Subject: Re: ext4 dbench performance with CONFIG_PREEMPT_RT

On Apr 7, 2010, at 11:46 PM, [email protected] wrote:

> On Wed, Apr 07, 2010 at 04:21:18PM -0700, john stultz wrote:
>> Further using lockstat I was able to isolate it the contention down to
>> the journal j_state_lock, and then adding some lock owner tracking, I
>> was able to see that the lock owners were almost always in
>> start_this_handle, and jbd2_journal_stop when we saw contention (with
>> the freq breakdown being about 55% in jbd2_journal_stop and 45% in
>> start_this_handle).
>
> Hmm.... I've taken a very close look at jbd2_journal_stop(), and I
> don't think we need to take j_state_lock() at all except if we need to
> call jbd2_log_start_commit(). t_outstanding_credits,
> h_buffer_credits, and t_updates are all documented (and verified by
> me) to be protected by the t_handle_lock spinlock.

BTW, it might be possible to remove the need to take t_handle_lock by converting t_outstanding_credits and t_updates to be atomic_t's, but that might have other performance impacts for other cases.
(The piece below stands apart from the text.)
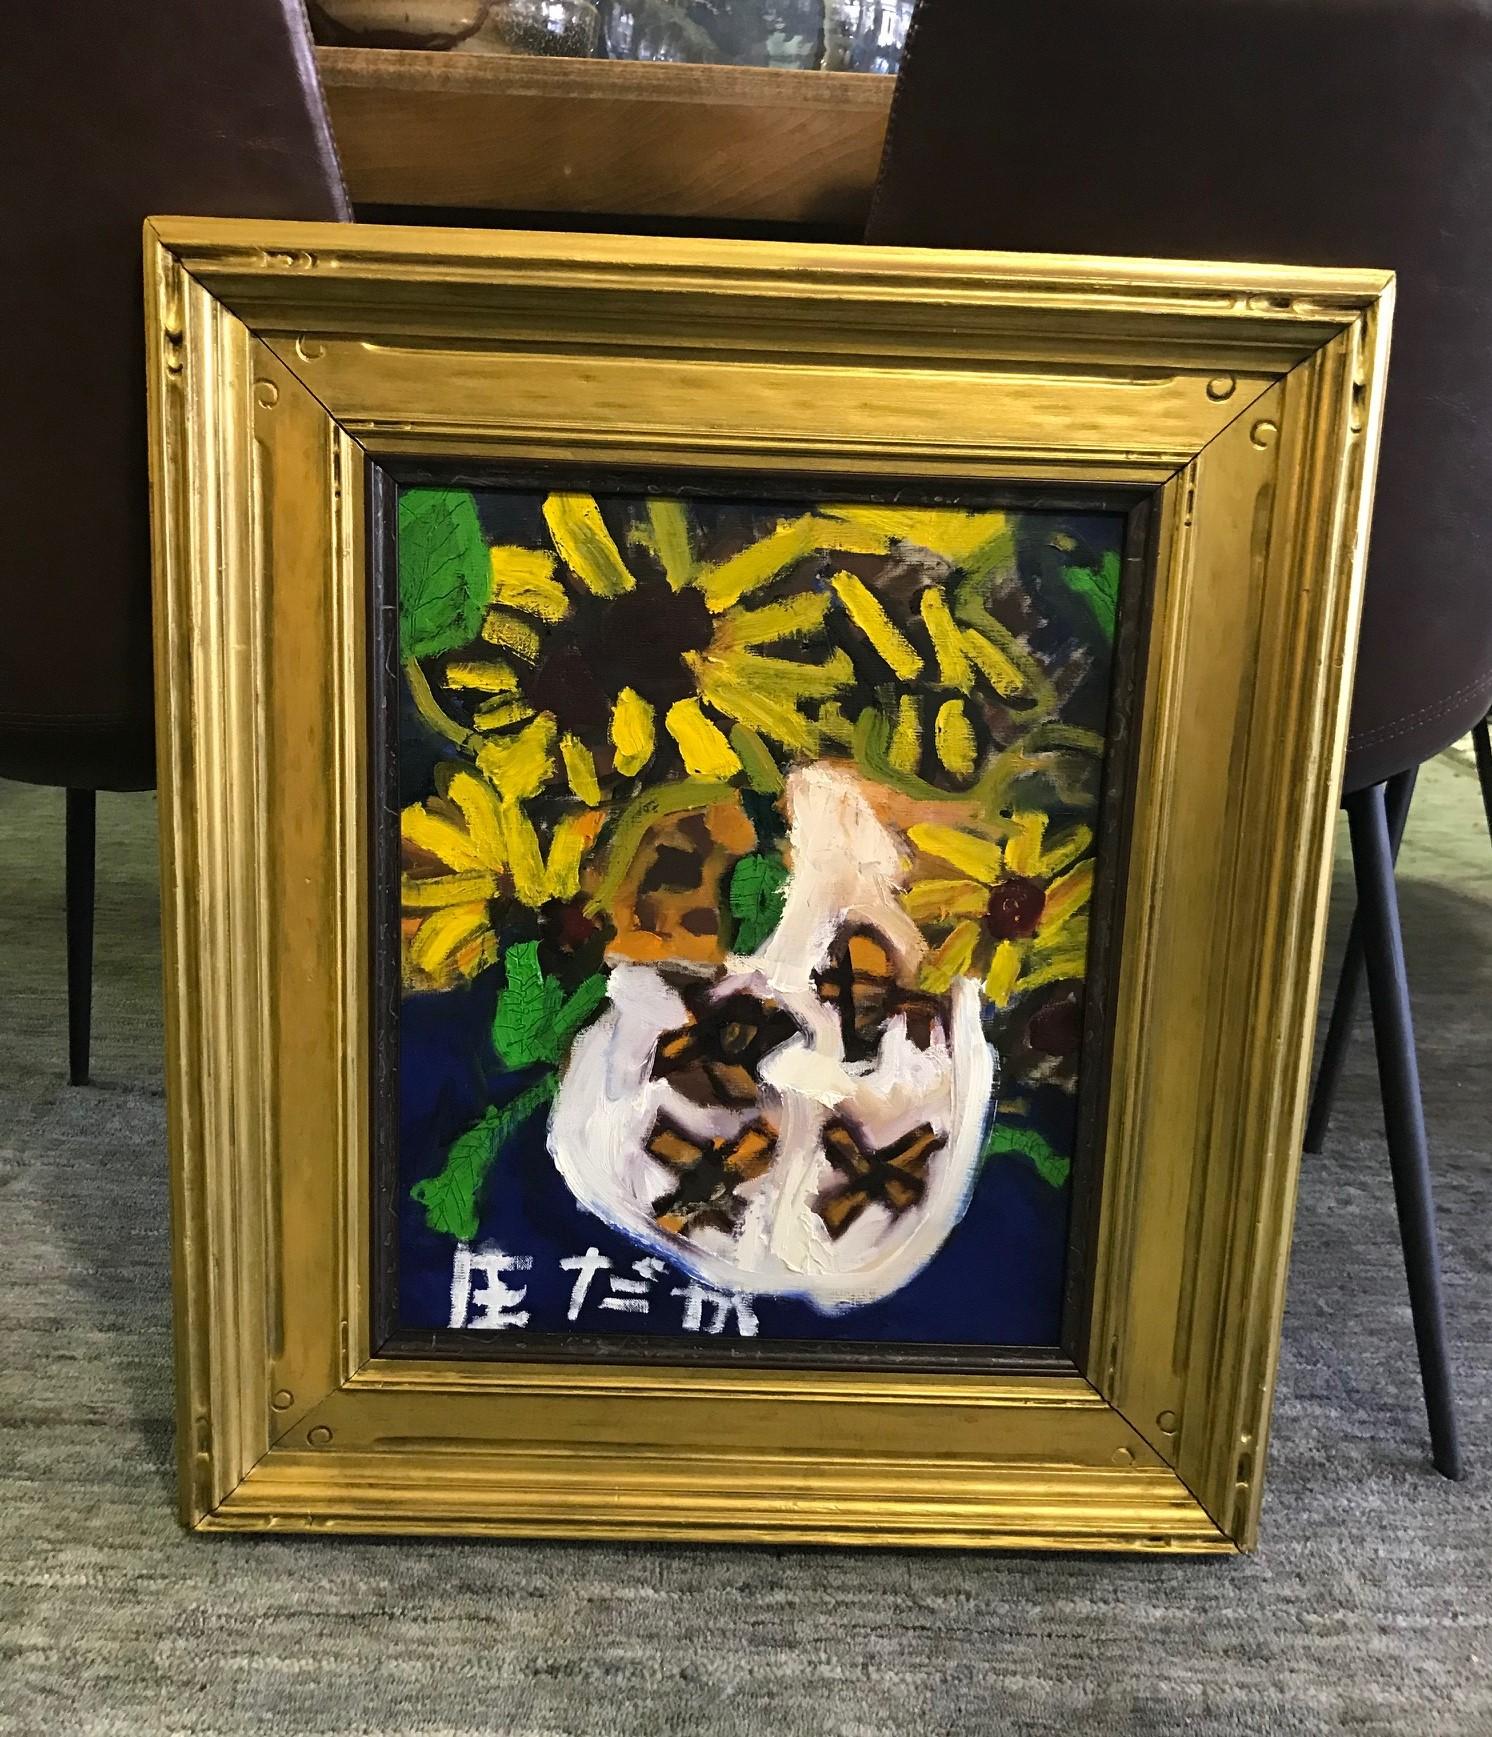 A beautifully realized, deeply colored original abstract floral oil painting on canvas by renowned Japanese modern artist Hodaka Yoshida who was the second son of one of Japan's most celebrated artist Hiroshi Yoshida, though stylistically Hodaka
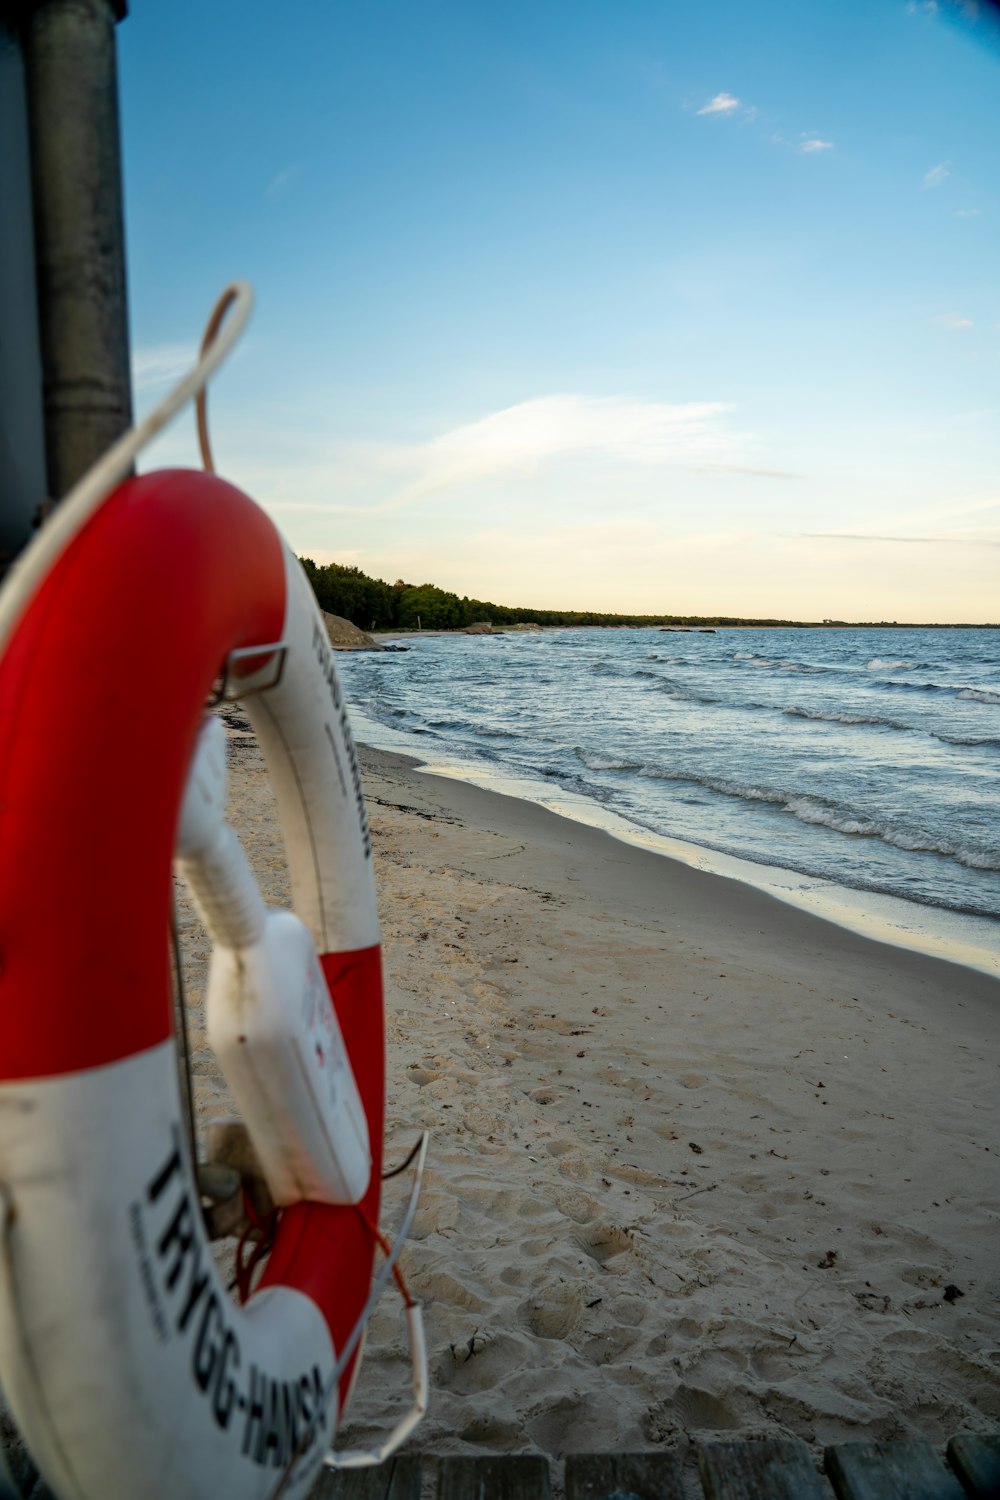 a life preserver sitting on the beach next to the ocean

This patch shouldn't cause any performance regressions because we're just removing code. As I said, I'm pretty sure it's safe but it could use more review and I should look at it again with fresh eyes, but in the meantime, it would be great if you could let us know what sort of results you get with this patch.

- Ted

2010-04-08 20:42:04

by john stultz

[permalink] [raw]

Subject: Re: ext4 dbench performance with CONFIG_PREEMPT_RT

2010-04-08 21:11:21

by Theodore Ts'o

[permalink] [raw]

Subject: Re: ext4 dbench performance with CONFIG_PREEMPT_RT

On Thu, Apr 08, 2010 at 01:41:57PM -0700, john stultz wrote:
>
> I'll continue to play with your patch and see if I can con some some
> folks with more interesting storage setups to do some testing as well.

You might want to ask djwong to play with it with his nice big
machine. (We don't need a big file system, but we want as many CPU's
as possible, and to use his "mailserver" workload to really stress the
journal. I'd recommend using barrier=0 for additional journal
lock-level stress testing, and then try some forced sysrq-b reboots
and then make sure that the filesystem is consistent after the journal
replay.)

I've since done basic two-CPU testing using xfstests under KVM, but
that's really not going to test any locking issues.

> Any thoughts for ways to rework the state_lock in start_this_handle?
> (Now that its at the top of the contention logs? :)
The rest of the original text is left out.